Gesteld noch gebleken is dat [eiseres] over de maanden mei, juni en juli 2023 geen (volledige) salarisbetaling heeft ontvangen. Het is dan ook niet gebleken dat er over de periode I nog een bedrag aan loon openstaat.
4.4.
[eiseres] heeft maximale wettelijke verhoging gevorderd over het te laat betaalde loon. In de gegeven omstandigheden ziet de kantonrechter aanleiding om de wettelijke verhoging te matigen tot 20%. Daarbij merkt zij op dat de loonadministratie van [gedaagde] in deze periode weliswaar rommelig is, maar dat de fouten na ontdekking wel snel zijn hersteld. De omstandigheid dat er door de nabetaling meer loonheffing is ingehouden, maakt dit oordeel niet anders. Deze hogere belastingdruk wordt immers verrekend via de inkomstenbelasting.
Periode II + III: augustus 2023 tot en met oktober 2023 + november 2023 en toekomst
4.5.
Voor de periode augustus 2023 tot en met oktober 2023 heeft [eiseres] een bedrag van
€ 1.252,54 netto aan achterstallig salaris gevorderd. [gedaagde] heeft erkend dat er ook in deze periode per abuis te weinig uren zijn uitbetaald, hetgeen volgens [gedaagde] geresulteerd heeft in een tekort van € 1.449,42 bruto, zoals onderbouwd met loonstroken. Dit tekort is gecorrigeerd weergegeven op de loonstrook van november 2023. De betaling hiervan heeft [gedaagde], samen met de betaling van het salaris over de maanden november en december, echter stopgezet vanwege de weigering van [eiseres] om mee te werken aan haar re-integratie conform de instructies van de bedrijfsarts.
4.6.
Voor zover [eiseres] heeft bedoeld te stellen dat de loonstop niet rechtsgeldig is, heeft zij nagelaten een deskundigenoordeel over te leggen zoals vereist in artikel 7:629a BW. Daardoor kan de kantonrechter niet vaststellen of [eiseres] aan haar re-integratieverplichtingen heeft voldaan. [eiseres] is in zoverre dan ook niet-ontvankelijk in haar vordering. De kantonrechter gaat er daarom vanuit dat de loonstop rechtsgeldig is opgelegd. De loonvordering is alleen om deze reden al niet toewijsbaar.
4.7.
Bovendien heeft [gedaagde] aangevoerd dat zij de nabetaling over augustus tot en met oktober 2023 en het salaris over november 2023 (in totaal € 2.701,76 netto) tezamen met het salaris van december 2023 (€ 1.253,94 netto) op 27 februari 2024 (onverplicht) heeft uitbetaald. [eiseres] heeft de ontvangst van dit nettobedrag van € 3.955,70 bij conclusie van repliek bevestigd.

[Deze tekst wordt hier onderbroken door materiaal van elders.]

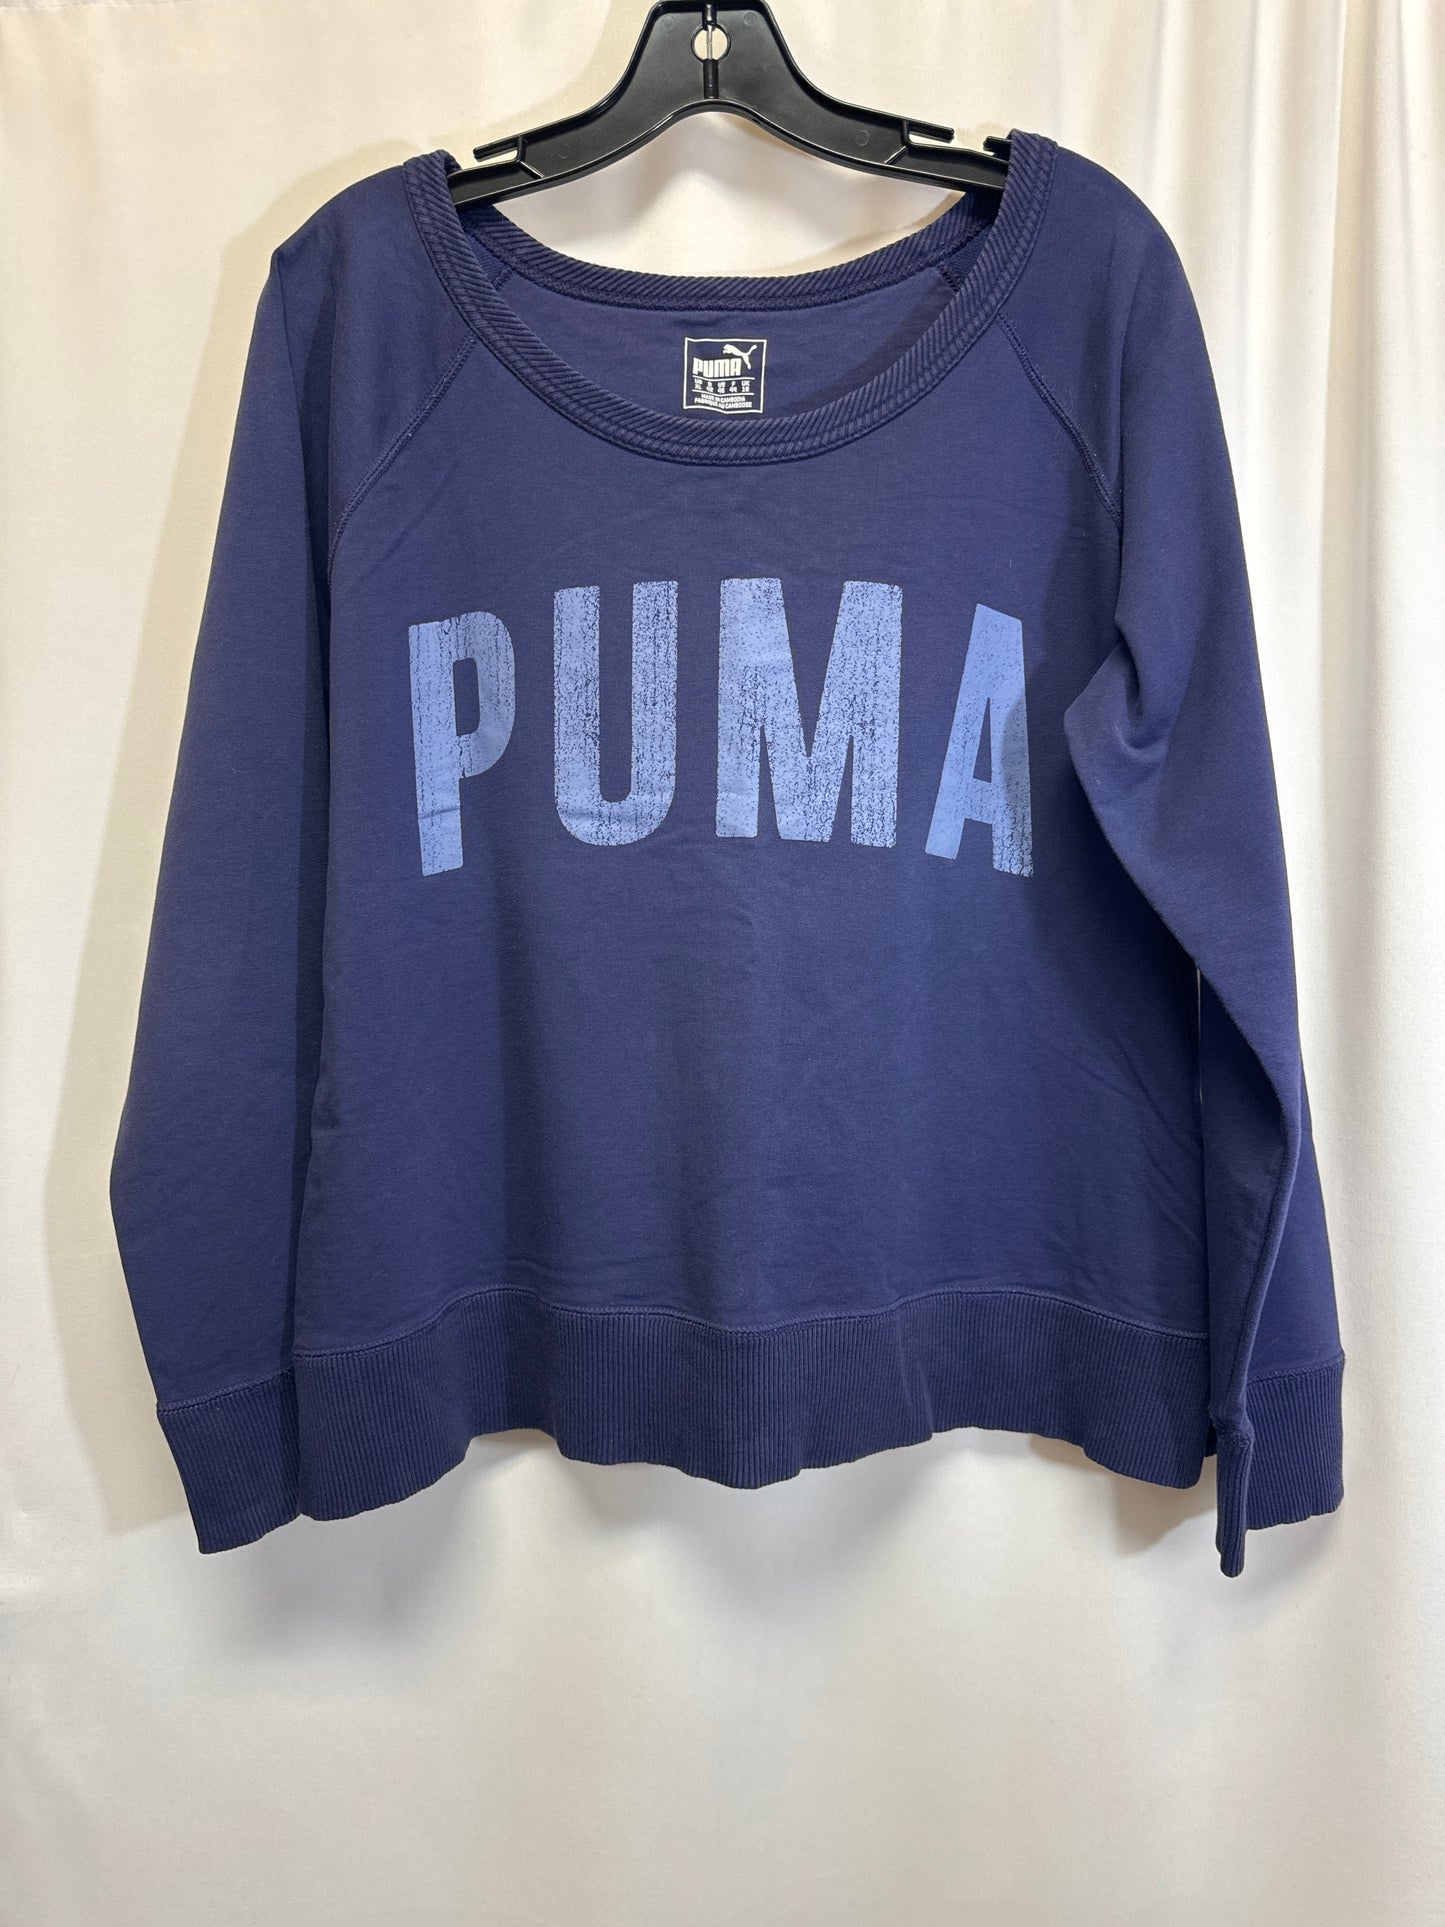 Blue Sweatshirt Collar Puma, Size Xl
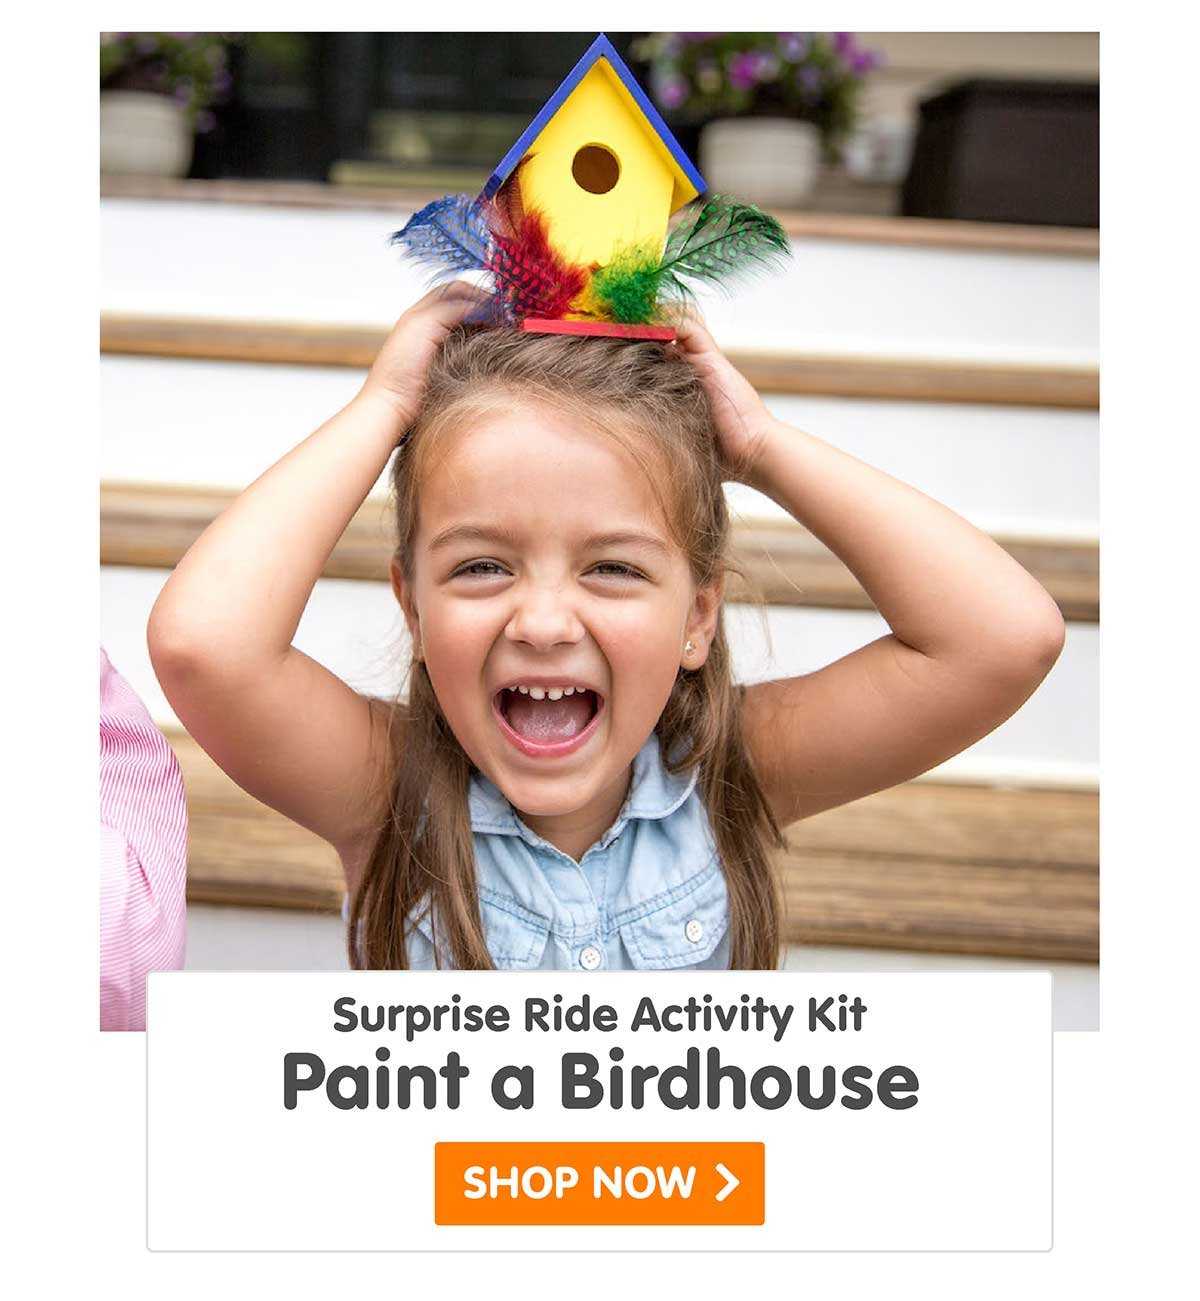 Surprise Ride - Paint a Birdhouse Activity Kit

De conclusie is daarom dat er geen sprake is van achterstallig loon over de periode van
augustus 2023 tot en met oktober 2023 + november en december 2023en dat de loonvordering moet worden afgewezen. Nu niet is gebleken dat het loon onterecht te laat is betaald, moet de gevorderde wettelijke verhoging eveneens worden afgewezen.
4.8.
Voor wat betreft de termijnen vanaf januari 2024 heeft [gedaagde] aangevoerd dat zij zich genoodzaakt heeft gezien om de loondoorbetalingsverplichting opnieuw stop te zetten vanwege het weigeren mee te werken aan de re-integratie, na [eiseres] schriftelijk te hebben gewaarschuwd. Zoals reeds hiervoor is overwogen, heeft [eiseres] verzuimd om een deskundigenverklaring in het geding te brengen. Hierdoor kan de kantonrechter de geldigheid van de loonstop niet beoordelen. De vordering tot loondoorbetaling tijdens ziekte wordt daarom afgewezen.
Salarisspecificaties
4.9.
[gedaagde] heeft als productie 1 bij conclusie van antwoord de salarisspecificaties over de maanden januari tot en met december 2023 overgelegd. Daarom heeft [eiseres] onvoldoende belang bij de gevorderde salarisspecificaties. Die eis zal dan ook worden afgewezen.
Verklaring voor recht
4.10.
[eiseres] heeft een verklaring voor recht gevorderd dat de door [gedaagde] gegeven waarschuwingen d.d. 30 augustus 2023 en 6 november 2023 onrechtmatig zijn en uit haar personeelsdossier verwijderd moeten worden. Zij stelt dat ze door haar ziekte niet in staat is om werkzaamheden te verrichten en dat de waarschuwingen daarom onterecht zijn. [eiseres] is van mening dat het advies van de bedrijfsarts niet klopt. De kantonrechter is echter geen (bedrijfs)arts en kan zodoende geen oordeel geven over de eventuele benutbare mogelijkheden van [eiseres]. Daarom kan zij, zonder deskundigenoordeel, ook niet beoordelen of de gegeven waarschuwingen gerechtvaardigd zijn. Deze gevorderde verklaring voor recht wordt dan ook afgewezen.
Proceskosten
4.11.
[eiseres] krijgt grotendeels ongelijk. Echter, omdat het gaat om een loonvordering tijdens ziekte kan [eiseres] alleen in de kosten van de procedure worden veroordeeld als sprake is van kennelijk onredelijk gebruik van procesrecht (artikel 7:629a lid 6 BW). Nu gesteld noch gebleken is dat hiervan sprake is, zal de kantonrechter bepalen dat iedere partij de eigen kosten draagt.

5.De beslissing

De kantonrechter:
5.1.
veroordeelt [gedaagde] tot betaling aan [eiseres] van 20% wettelijke verhoging over € 2.018,25 bruto;
5.2.
bepaalt dat iedere partij de eigen proceskosten draagt;
5.3.
verklaart dit vonnis uitvoerbaar bij voorraad;
5.4.
wijst de vordering voor het overige af.
Dit vonnis is gewezen door mr. M. Woerdman en op bovengenoemde datum in het openbaar uitgesproken in aanwezigheid van de griffier.